WHAT IS REQUIRED: Copy out the data exactly, leaving the pictures behind.

COLLECTED MATERIAL:

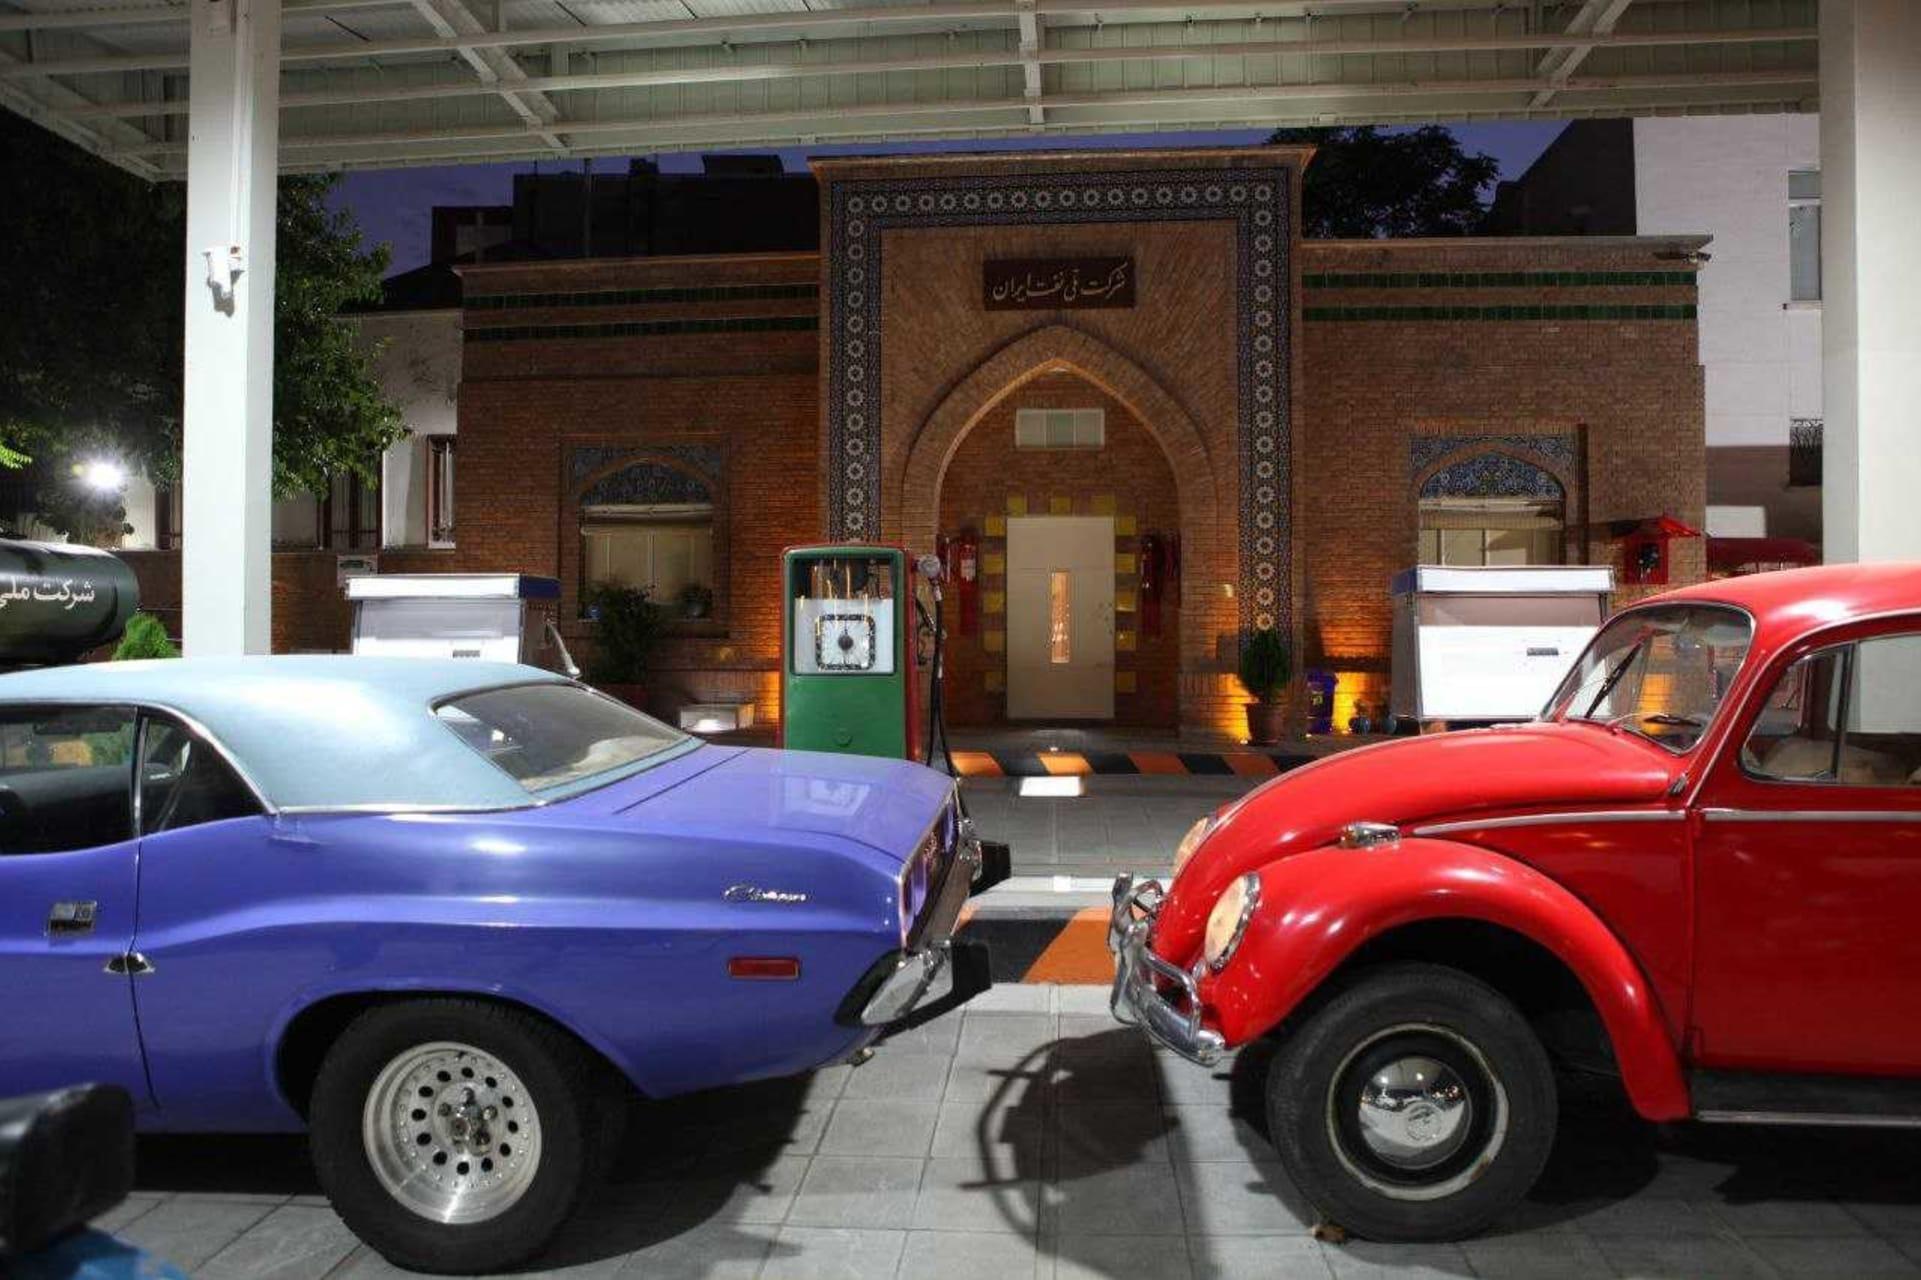 Tehran - Gas station museum
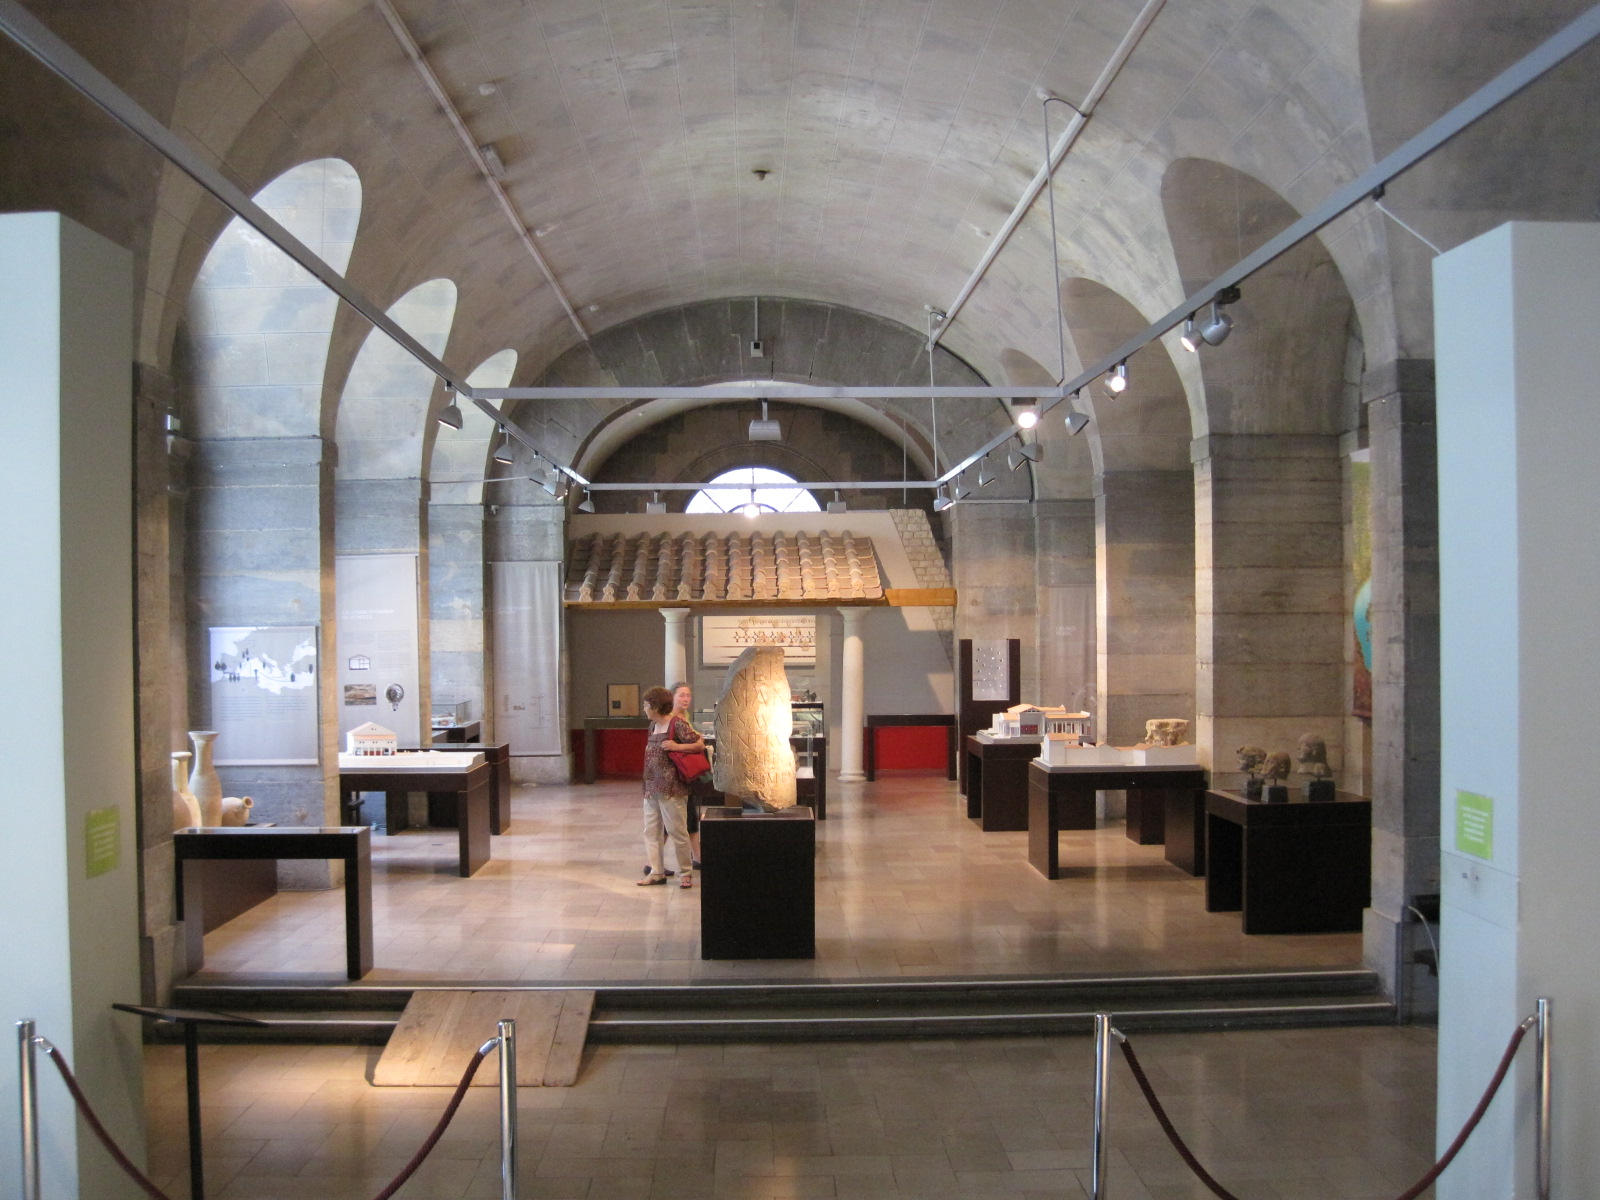 Musée_BeauxArts_Besançon_062.jpg
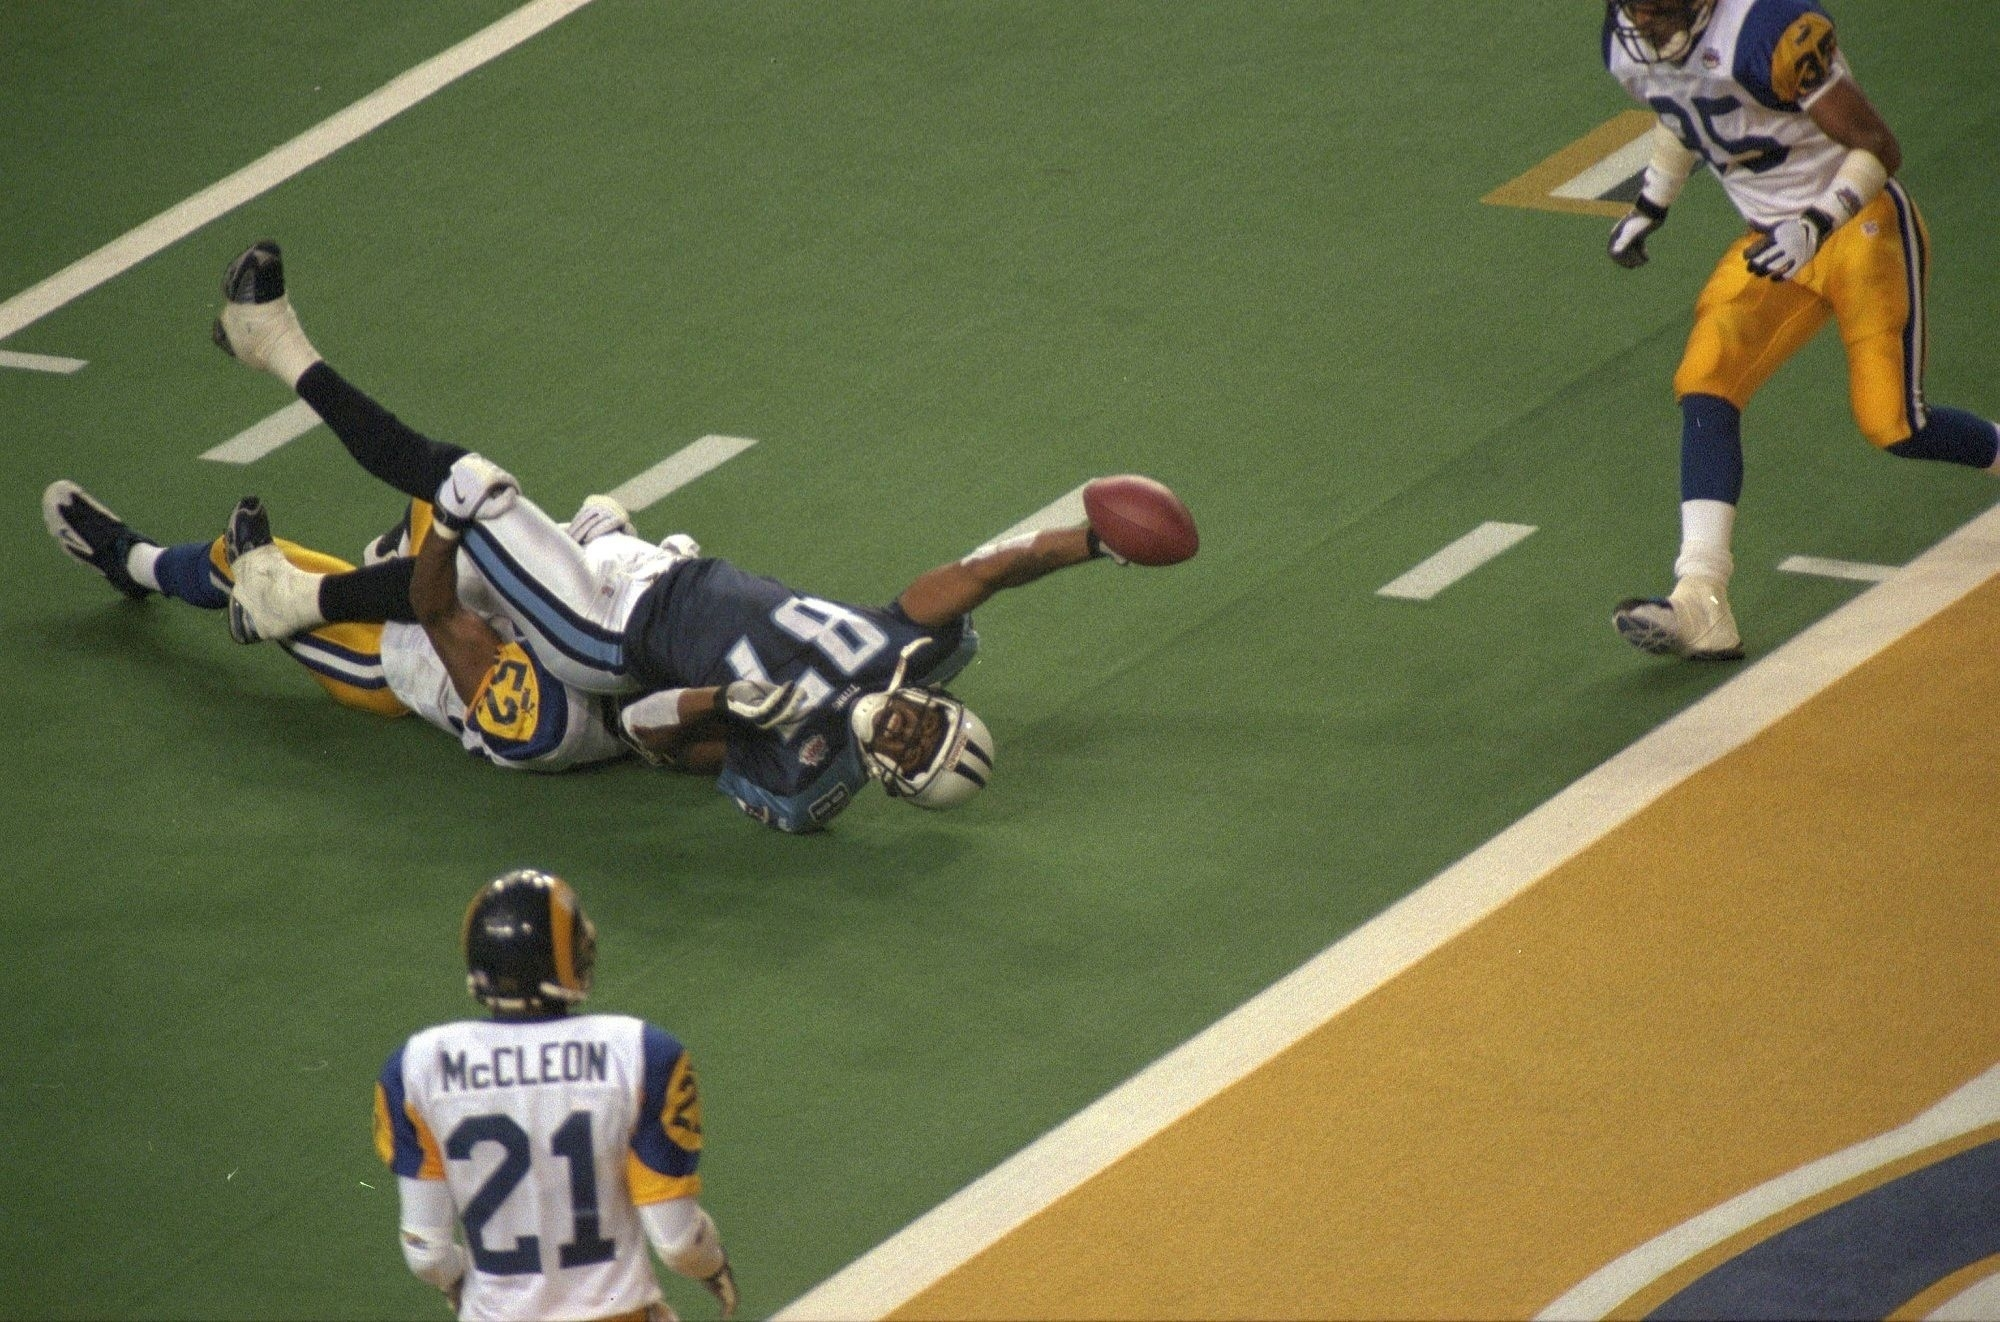 Super Bowl Xxxiv - St. Louis Rams D. Tennessee Titans, 23–16 intended for Tennessee Titans Super Bowl

ANSWER TO THE PROBLEM:
 Tehran - Gas station museum
 Musée_BeauxArts_Besançon_062.jpg
 Super Bowl Xxxiv - St. Louis Rams D. Tennessee Titans, 23–16 intended for Tennessee Titans Super Bowl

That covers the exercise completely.